At the end I want to build a JSON with all of this aggregated statistics. The structure of JSON is not relevant, it would depend on the approach taken. For the first one, I'd get something like {"T__min": None, "T__max": None, "T__missing": 1, "T__std": None, "C__min": 18.0, "C__max": 80.0, ...} so this way I end up with tons of fields and the select query would be huge. For the second approach I would get one JSON per variable with those statistics.

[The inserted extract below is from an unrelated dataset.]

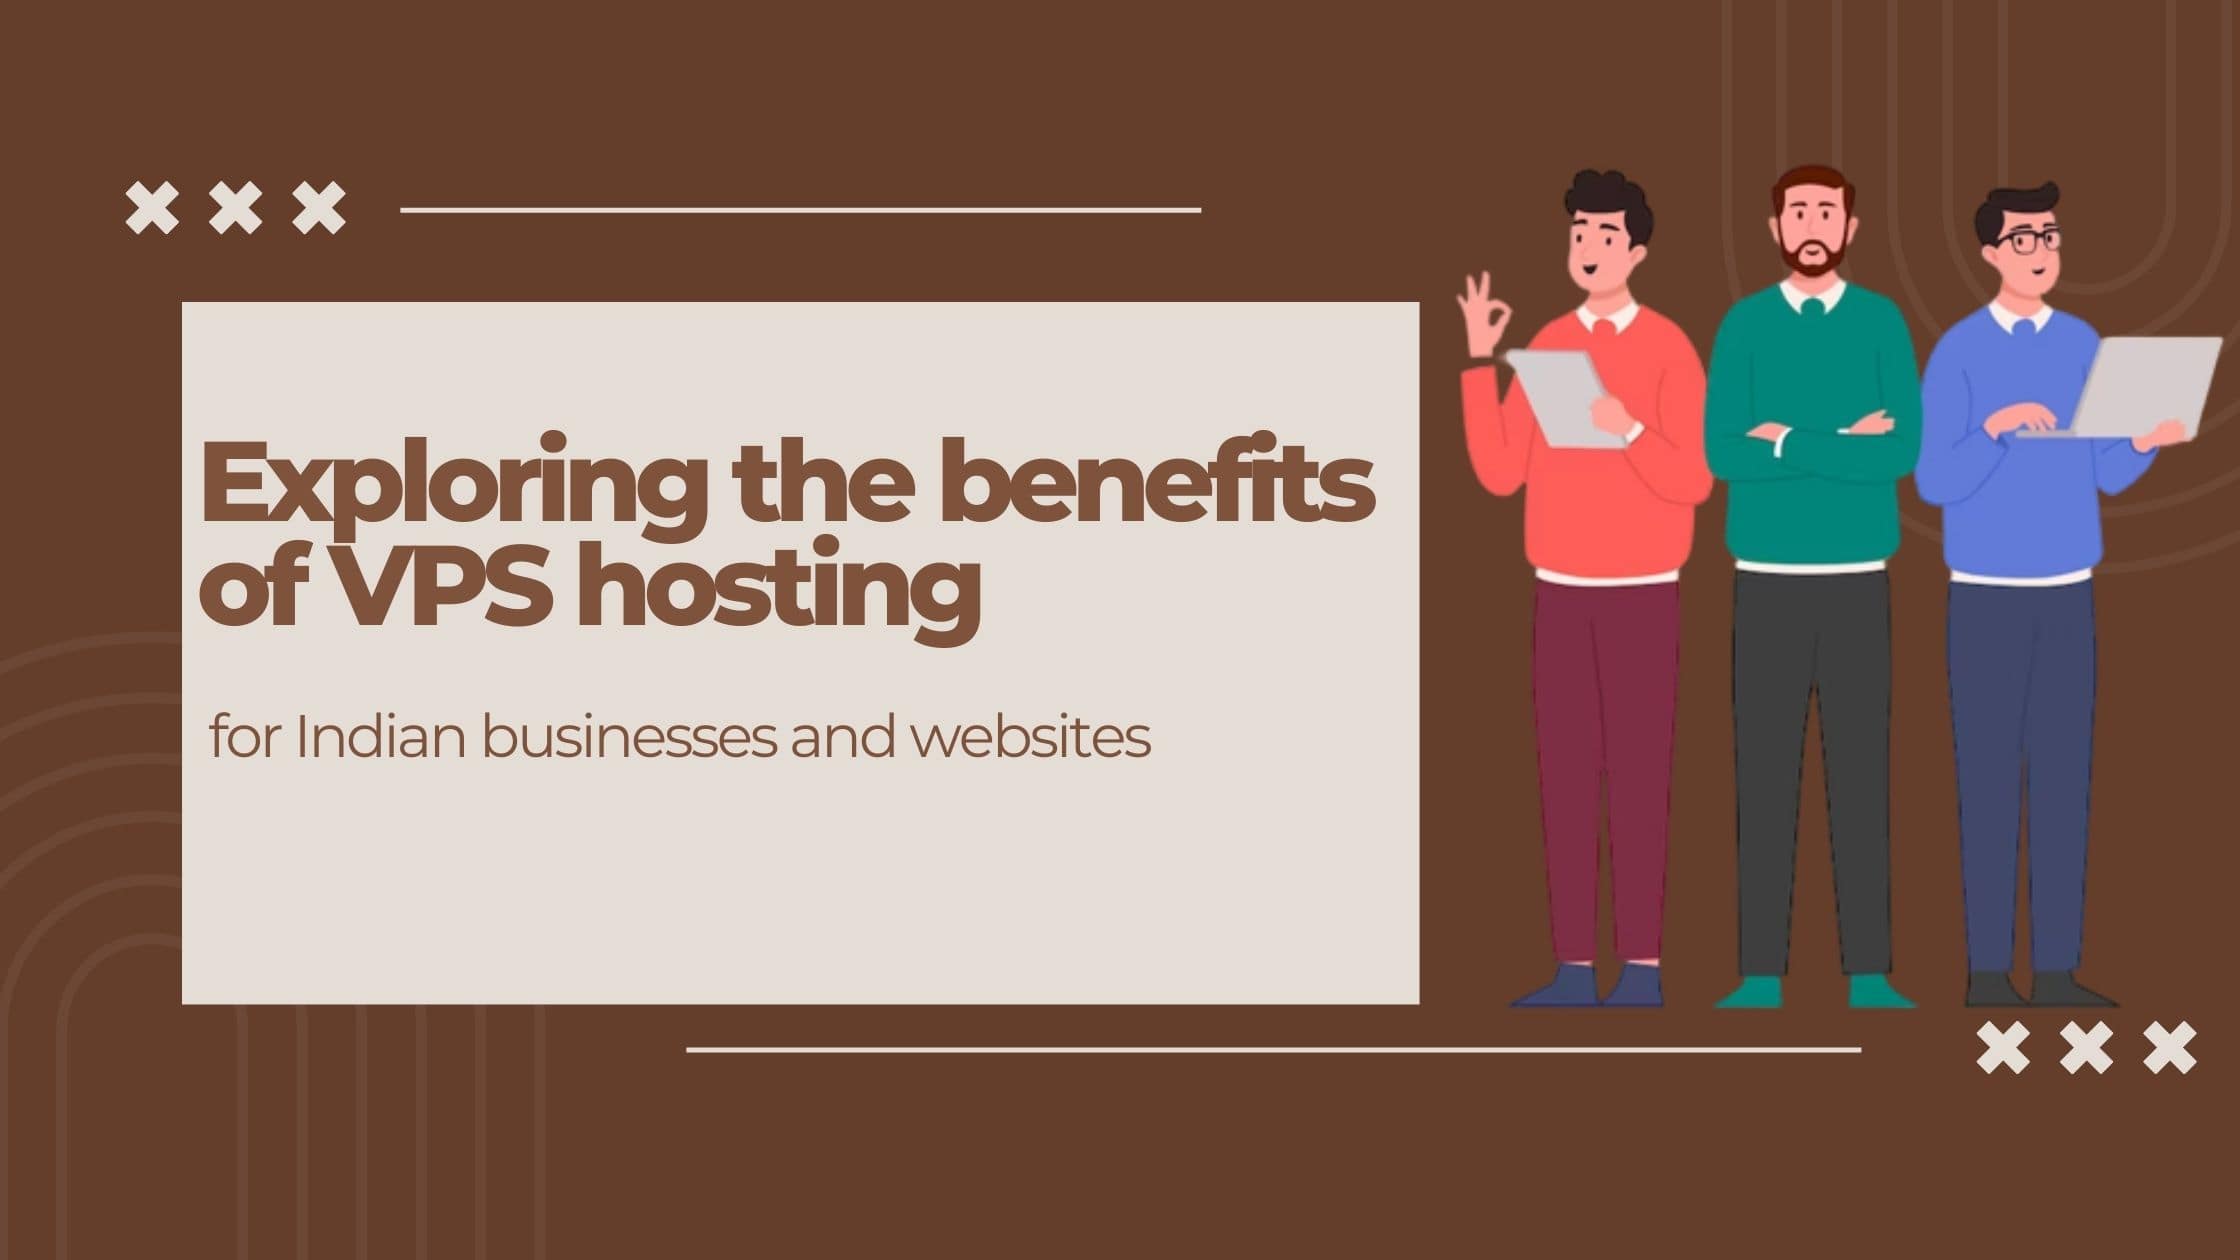 Exploring the benefits of VPS hosting for Indian businesses and websites

CodePudding user response：

I'm not really familiar with the InheritableThread and Queue, but as far as I can see, you want to create threads based on statistics. Meaning, every thread calculating a different statistic. This doesn't look optimized by design. I mean, some statistics will likely be calculated quicker than others. And then your processing power in those threads will not be used.

As you know, Spark is a distributed computing system which performs all the parallelism for you. I very highly doubt you can outperform Spark's optimization using Python's tools. If we could do that, it would already be integrated into Spark.

The first approach is very nicely written: conditional statements based on data types, inclusion of isnan, type hints - well done. It would probably perform the best it's possible, it's definitely written efficiently. The biggest drawback is the nature that it will be run on the whole dataframe, but you can't really escape that. Regarding the number of columns, you shouldn't be worried. The whole select statement will be very long, but it's just one operation. The logical/physical plan should be efficient. In worst-case scenario, you could persist/cache the dataframe before this operation, as you may have problems if this dataframe is created using some complex code. But other than that you should be fine.

As an alternative, for some statistics you may consider using summary:

df.summary().show()
#  ------- ----- ------------------ 
# |summary|    T|                 C|
#  ------- ----- ------------------ 
# |  count|    3|                 3|
# |   mean| null|43.666666666666664|
# | stddev| null| 32.34707611722168|
# |    min|Alice|              18.0|
# |    25%| null|              18.0|
# |    50%| null|              33.0|
# |    75%| null|              80.0|
# |    max| Mark|              80.0|
#  ------- ----- ------------------

This approach would only work for numeric and string columns. Date/Timestamp columns (e.g. "D") are automatically excluded. But I'm not sure if this would be more efficient. And definitely it would be less clear, as it would add additional logic to your code which now is quite straightforward.